Macroeconomics Models
The Classical Model (1776-1935)
The classical model largely follows the conclusions reached in Microeconomics. The fundamental equilibrium is in the supply and demand for labor. The Demand for Labor and Labor Supply, Income Taxes, and Transfer Payments are the major microeconomic references in the Classic Economic Models (Hicks and Keynes, 1937).
Keynesian Models (1936-1969)
The simple keynesian model, a greatly oversimplified view of the economy, constructs an equilibrium without referring to the labor market. This shows that the economy can be in an equilibrium that is far from full employment (Gordon, 1990).

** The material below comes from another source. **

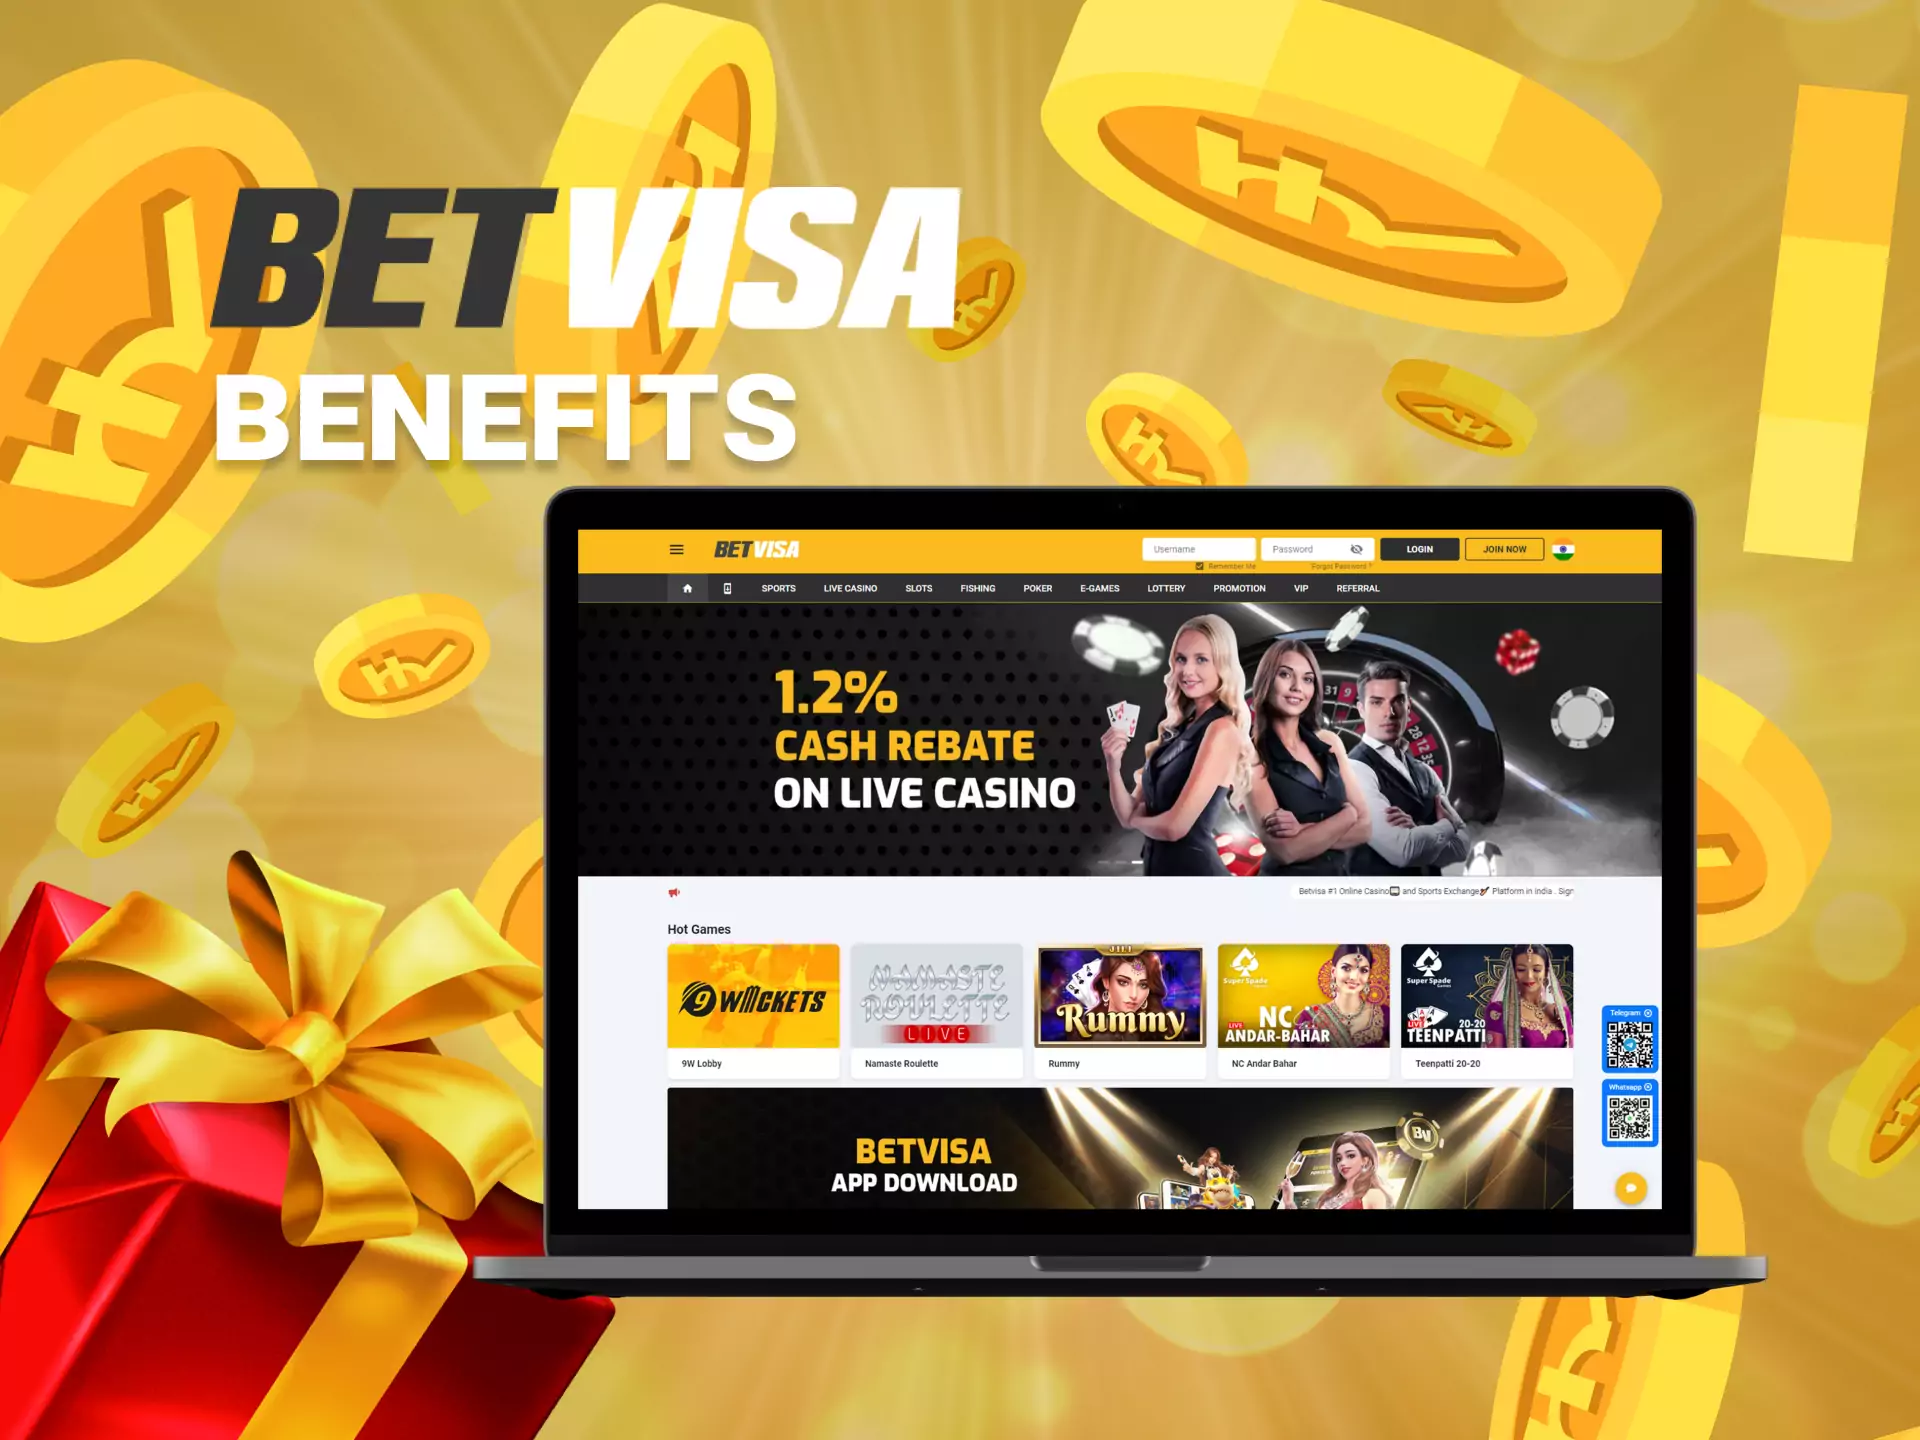 For Indian users, the main benefit of Betvisa is that it accepts rupees and Indian local payment systems.
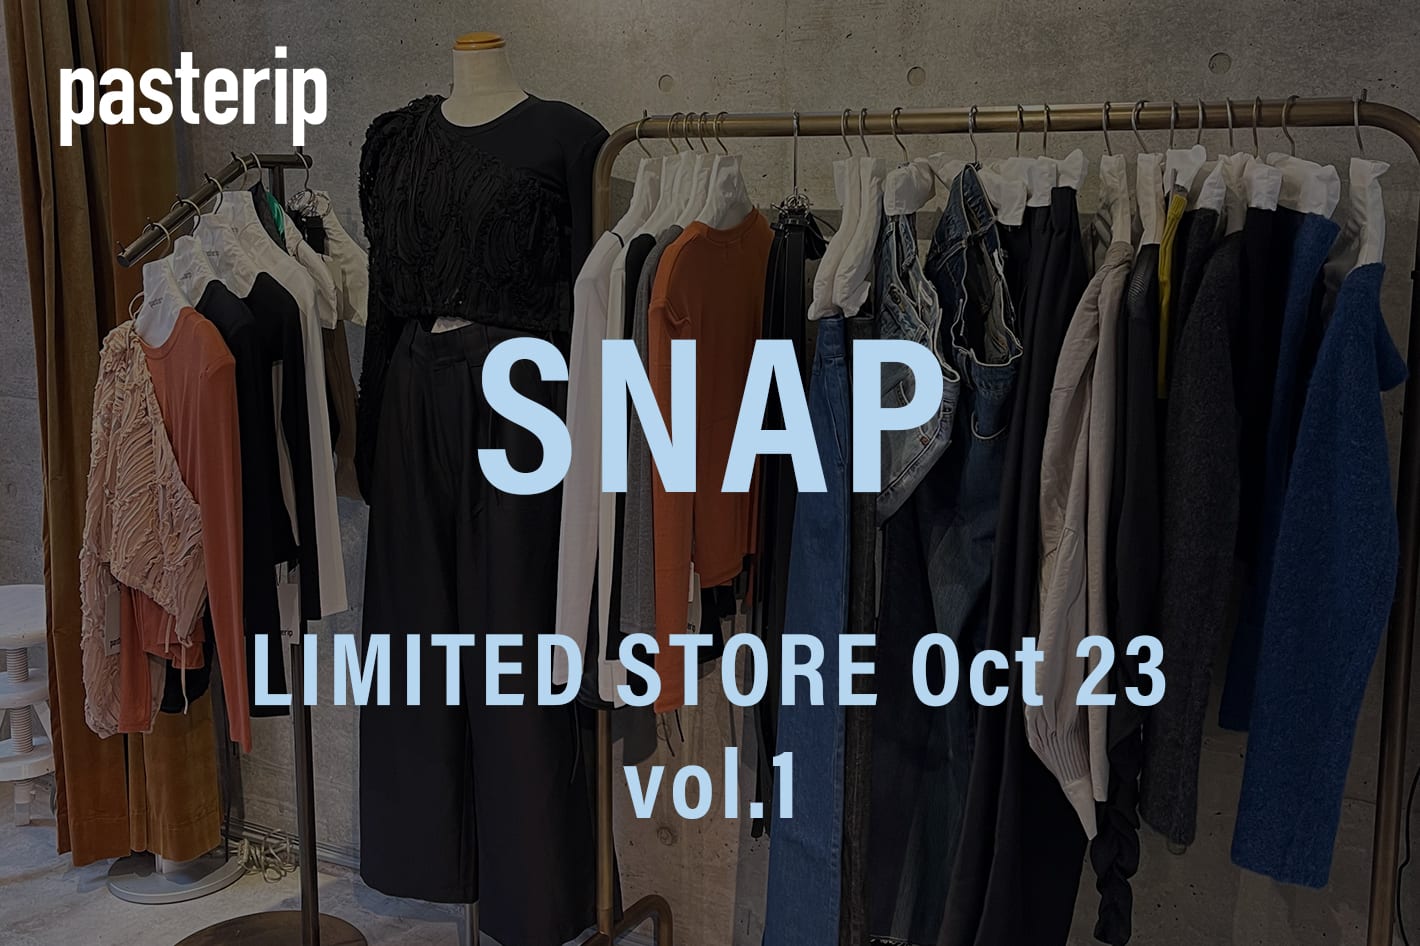 Pasterip SNAP 【LIMITED STORE Oct23 vol.1】 | Pasterip(パセリ)の

The keynesian IS/LM model shifts from the Classical Model's focus on the wage rate to a focus on long-term and short-term interest rates. These interest rates are taken to be equal. Income and the interest rate are the variables that adjust to achieve equilibrium. The model is presented in two versions, one with fixed prices and one where the Aggregate Supply/Aggregate Demand extension adds adjustments in the nominal price level to the mix (Gordon, 1990).
The Mundell-Fleming Model adds the Balance of Payments (BP) curve to the IS/LM Model. Equilibrium is reached by adjustments in the exchange rate, the interest rate, and income (Parke, par. 1).
The New Classical Model (1970-
Real Business Cycles shifts attention from nominal interest rates back to the real factors of production that dominated the original Classical Model. By considering a "Robinson Crusoe" economy with only one representative agent, the model is able to explain business cycles without introducing even a nominal wage rate (Friedman, 1970).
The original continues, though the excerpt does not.